* PROVIDED INFORMATION

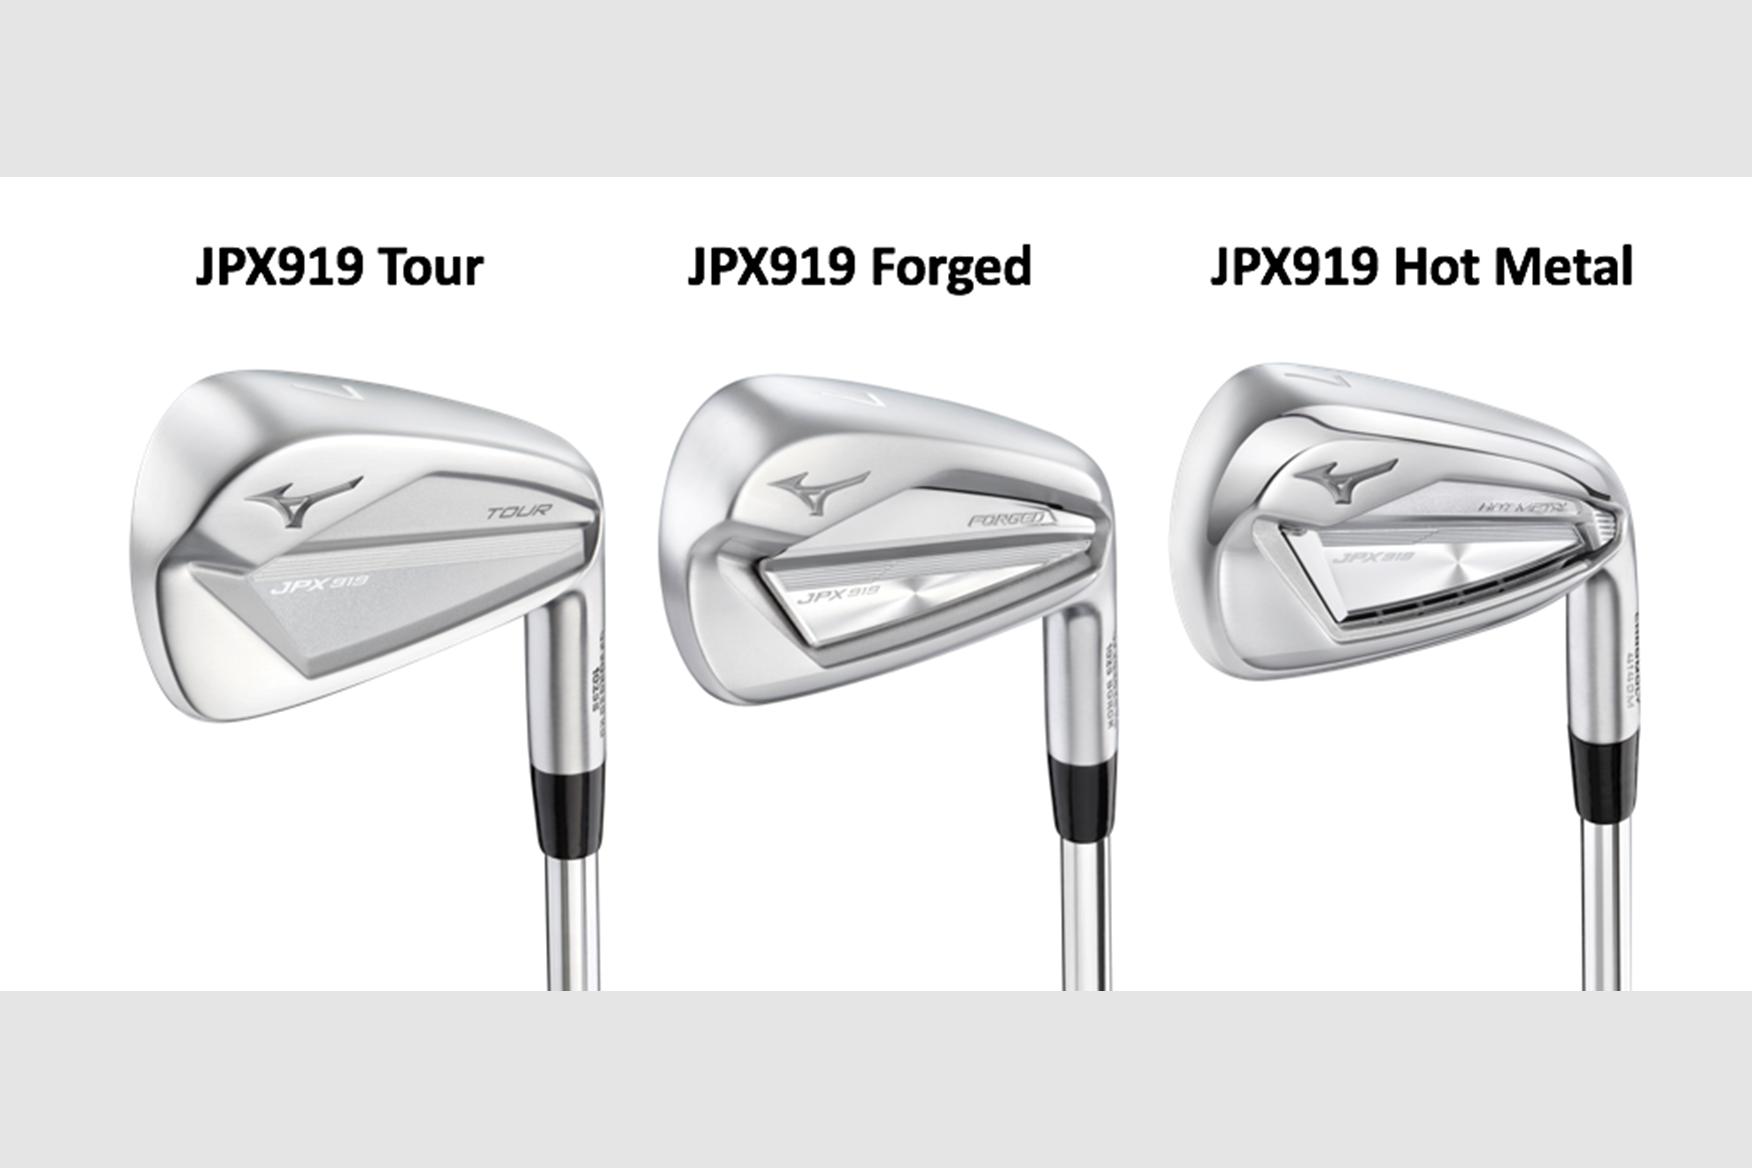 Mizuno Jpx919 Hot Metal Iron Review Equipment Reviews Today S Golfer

* * *

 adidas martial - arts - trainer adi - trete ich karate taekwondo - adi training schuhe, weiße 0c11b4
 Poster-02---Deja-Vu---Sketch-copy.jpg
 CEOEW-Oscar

* WORK TASK
Reproduce exactly, and with no other material, the lines between those holding "adidas martial - arts" and "CEOEW-Oscar", inclusive.

* ANSWER BELOW
 adidas martial - arts - trainer adi - trete ich karate taekwondo - adi training schuhe, weiße 0c11b4
 Poster-02---Deja-Vu---Sketch-copy.jpg
 CEOEW-Oscar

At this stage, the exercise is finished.